In her article Dillon asserts that while Sansay’s attention to balls and dress may appear frivolous and wholly disconnected from the revolution that rages throughout the island, both the domestic and colonial political narratives intersect and overlap in important ways. She reveals how Clara’s attempt to liberate herself from her abusive husband strongly parallels the revolutionaries’ efforts to establish a free, sovereign black nation-state. Dillon demonstrates that in the novel, colonization not only stands for the racist institution of slavery and economic exploitation but also the oppressive patriarchal order of colonial society. She emphasizes that female liberation is achieved as an unexpected consequence of the Haitian Revolution and “when Mary and Clara flee Saint Domingue for Cuba, they repeatedly find themselves in the company of unhusbanded women who appear to blossom in the absence of men who previously controlled them” (92). Dillon suggests that the novel presents America as the site where this female utopian community can be finally realized. I argue, however, that Sansay leaves us in a troubling de-localized space of transition, ending with a similar voyage on the high seas that opens the epistolary narrative. While the success of the revolution in St. Domingue will culminate in the establishment of a new contained black nation-state, Mary and Clara traverse borders and multiple terrains, forming transatlantic connections with other women that deeply challenge the notion of such a closed system, where America, as the final destination, becomes figured as more a point of continuous encounter and “exchange” in the words of Tennenhouse.

Dillon further argues that the elaborate descriptions of colonial palaces, finery and balls, in the novel, do “not bespeak sustained delusion (or colonial nostalgia) so much as an astute analysis of the relations of production and social reproduction that stand at the core of colonial politics” (78).

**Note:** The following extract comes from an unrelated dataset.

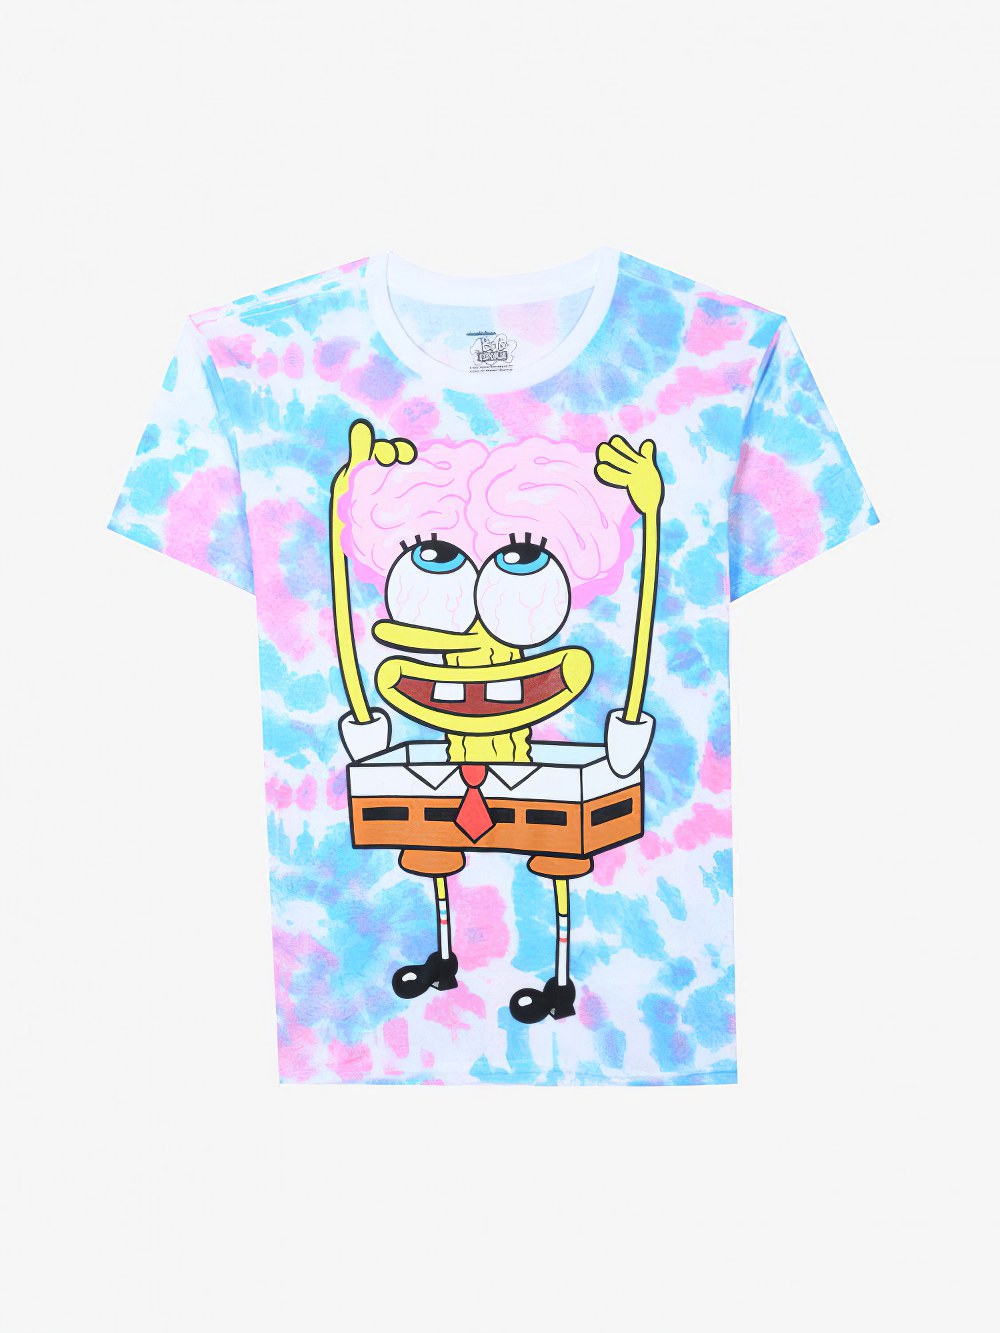 Gangster Spongebob 3 Shirt Multi Color Full Size Up To 5xl

She distinguishes “production” as economic, referring to, for example, the manufacturing of sugar, whereas “social production,” refers to the creation and perpetuation of the social relations, practices, ideologies, and environment necessary to sustain capitalism. Dillon explains that according to Marxism, the capitalistic enterprise of colonialism compels a geographic separation between the site of production and social production, where the colony serves as the economic factory or engine for wealth, while the colonizing country consumes and replicates the social conditions that enable capitalism to persist. She demonstrates that in Sansay’s novel, however, this geographic distinction is lost entirely as St. Domingue emerges as a place of both sugar production and Creole social production as exemplified by the madras headscarf, which becomes a popular consumer good.

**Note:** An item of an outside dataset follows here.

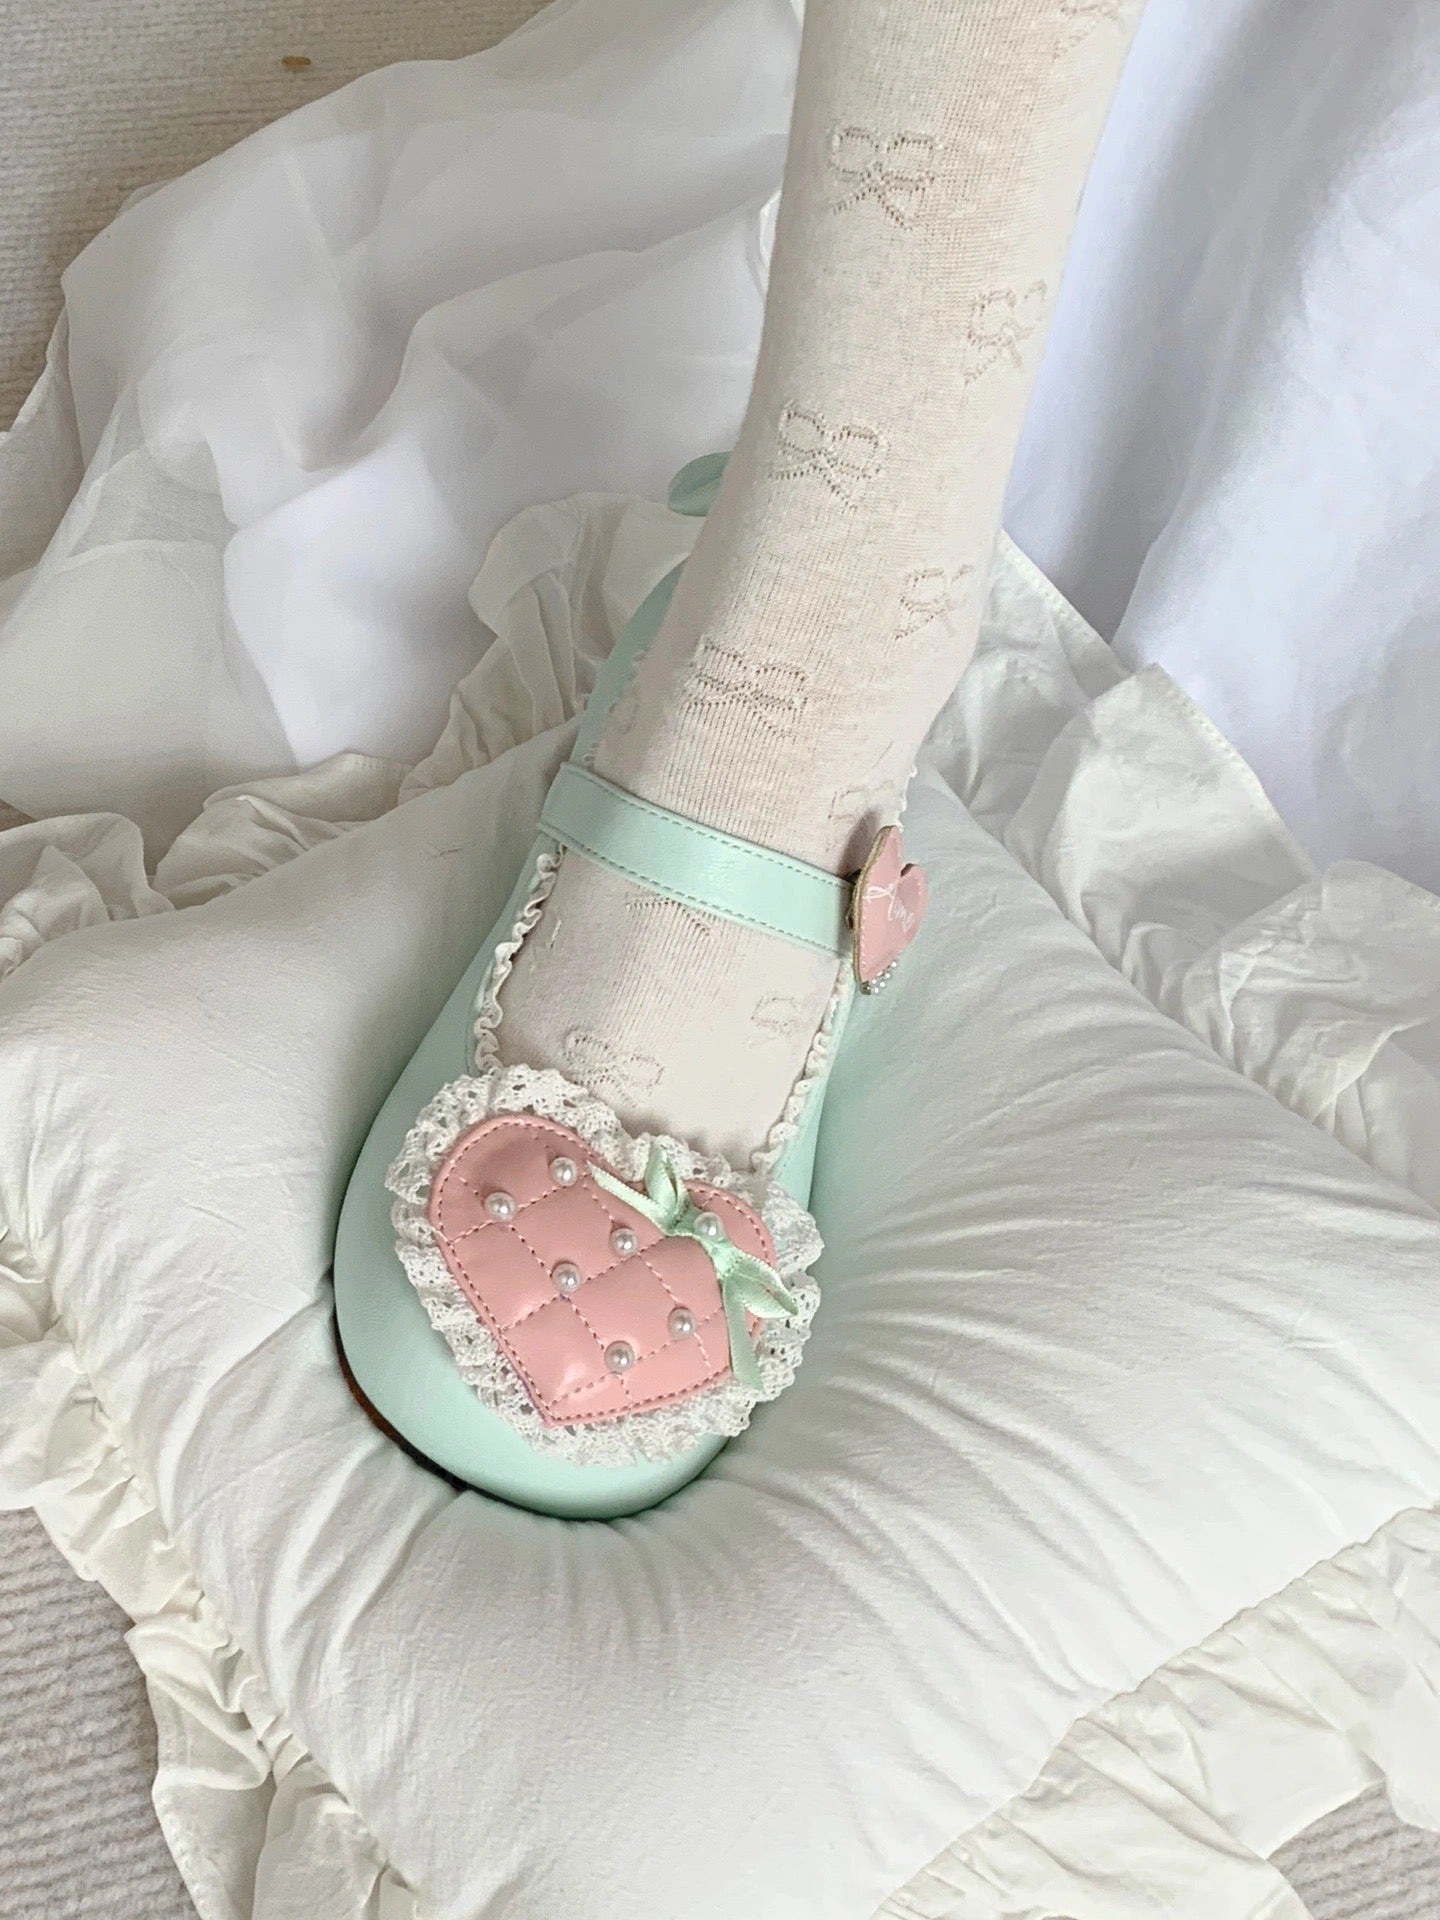 ♡ Little Cuddle ♡ - Low-Heel/Flat Shoes

Dillon defines Creole as a European born in the colony whose social production is considered “illegitimate precisely because reproduction has occurred at the site of capitalist production (the colony) rather than at the site of consumption (the metropole)” (86). She suggests further that the Creole occupies a liminal space as a “native who is non-native,” which is strongly reflected in their culture as the madras headscarf was used to restrain the sexuality of indigenous females and banned in Europe (95). Dillon ultimately offers the term Creole as a more productive means of conceptualizing American identity because it deftly captures the country’s vexed position as both a colonizing power and a postcolonial “nation.” Rather than “Americanization,” which suggests assimilation to some retrospective, conceived notion of a collective “national” identity, “Creolization” does not attempt to deny or erase America’s historical implication in complex systems of colonialism.

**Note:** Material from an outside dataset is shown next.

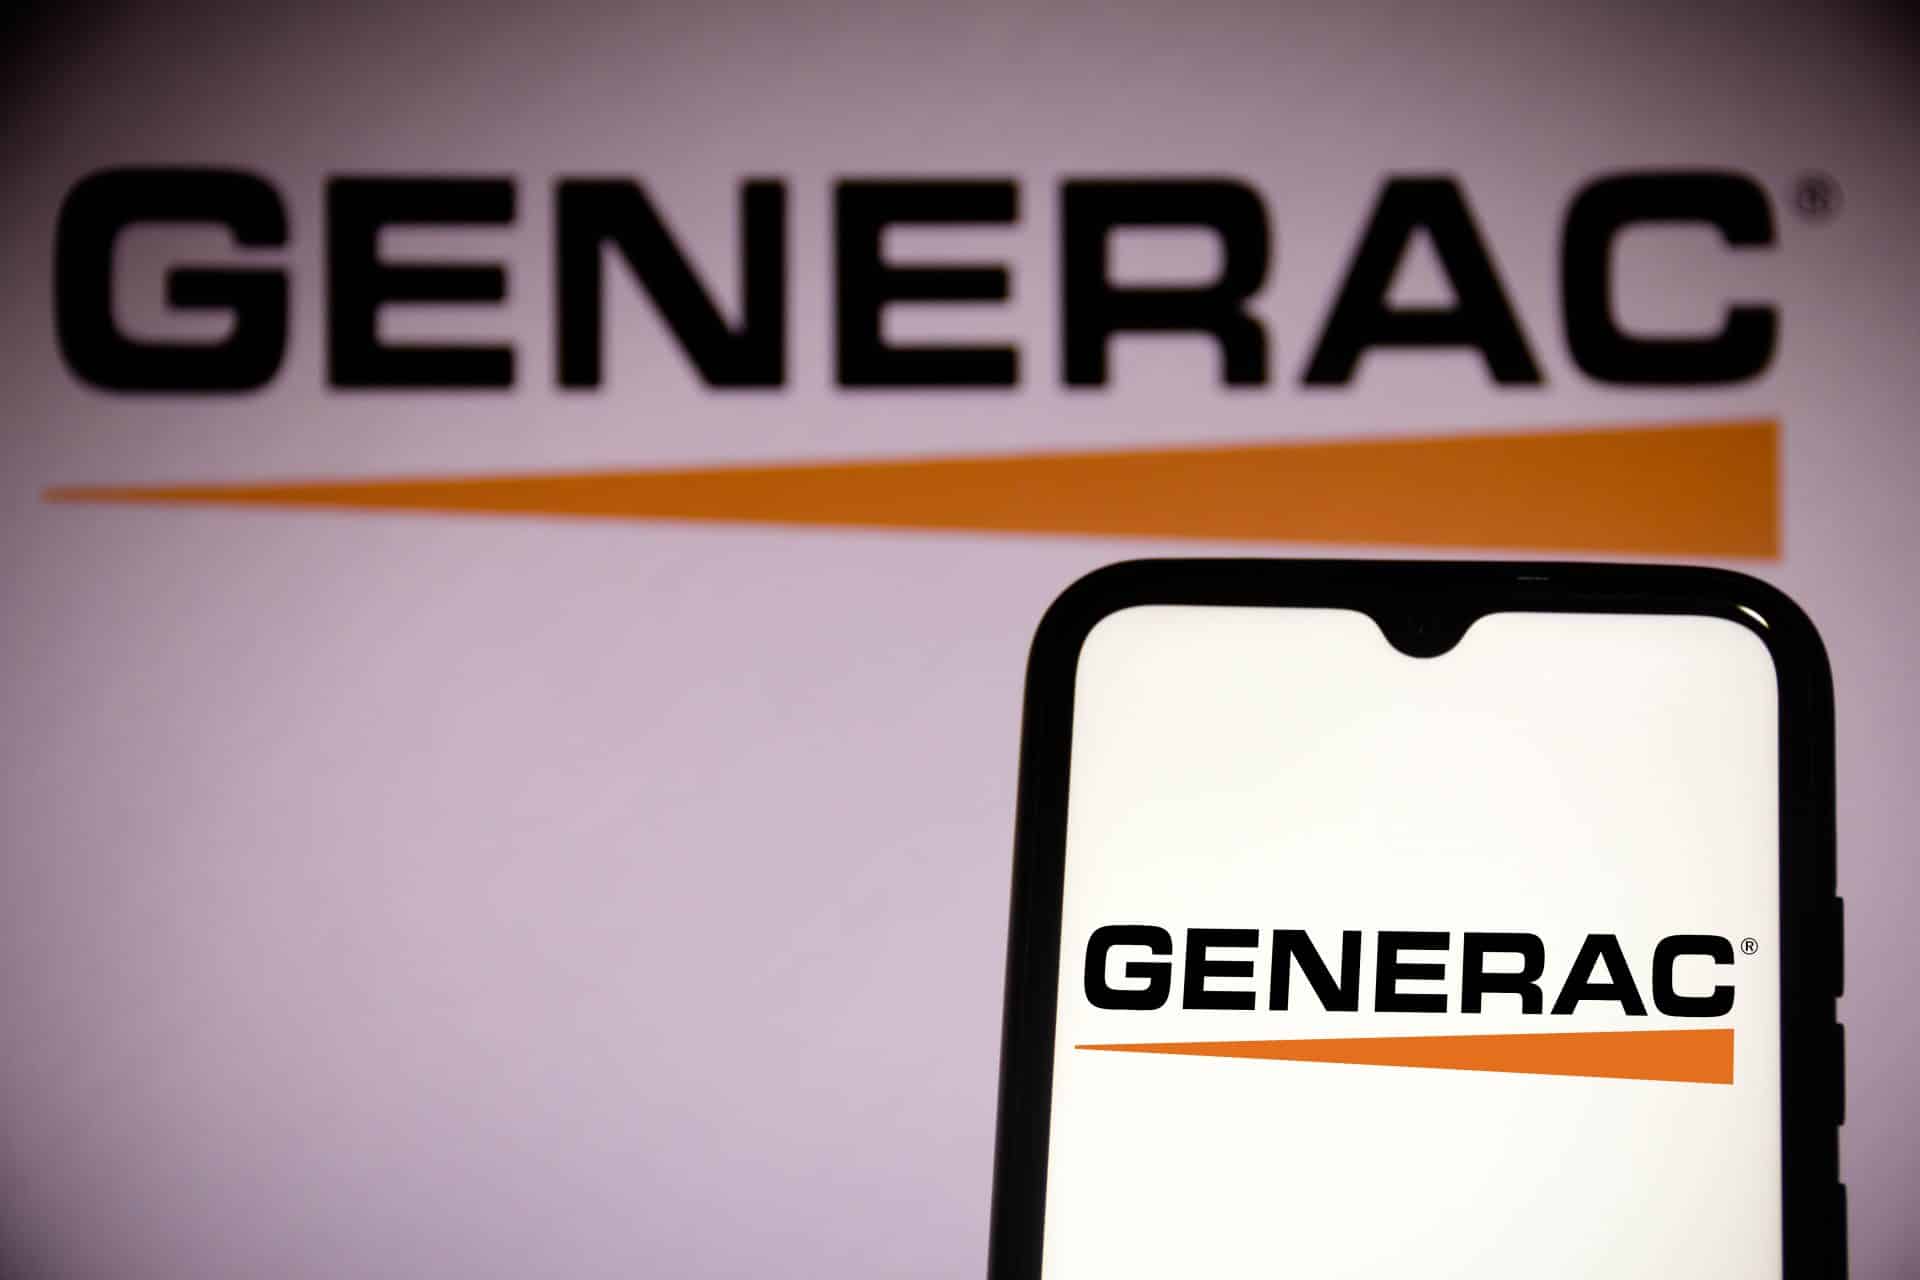 Generac Generator is a Good Idea or Bad!

In her article, however, Dillon too readily dismisses the importance of fantasy in Secret History in favor of a more concrete analysis of production and social production. I argue that the novel is very much shaped and predicated on a fantasy structure, where the French, for example, imagine that they will be able to easily suppress the black revolutionaries, where Mary continuously fantasizes about a blissful colonial past, and where the “nation-state” itself is revealed to be merely a fantasy.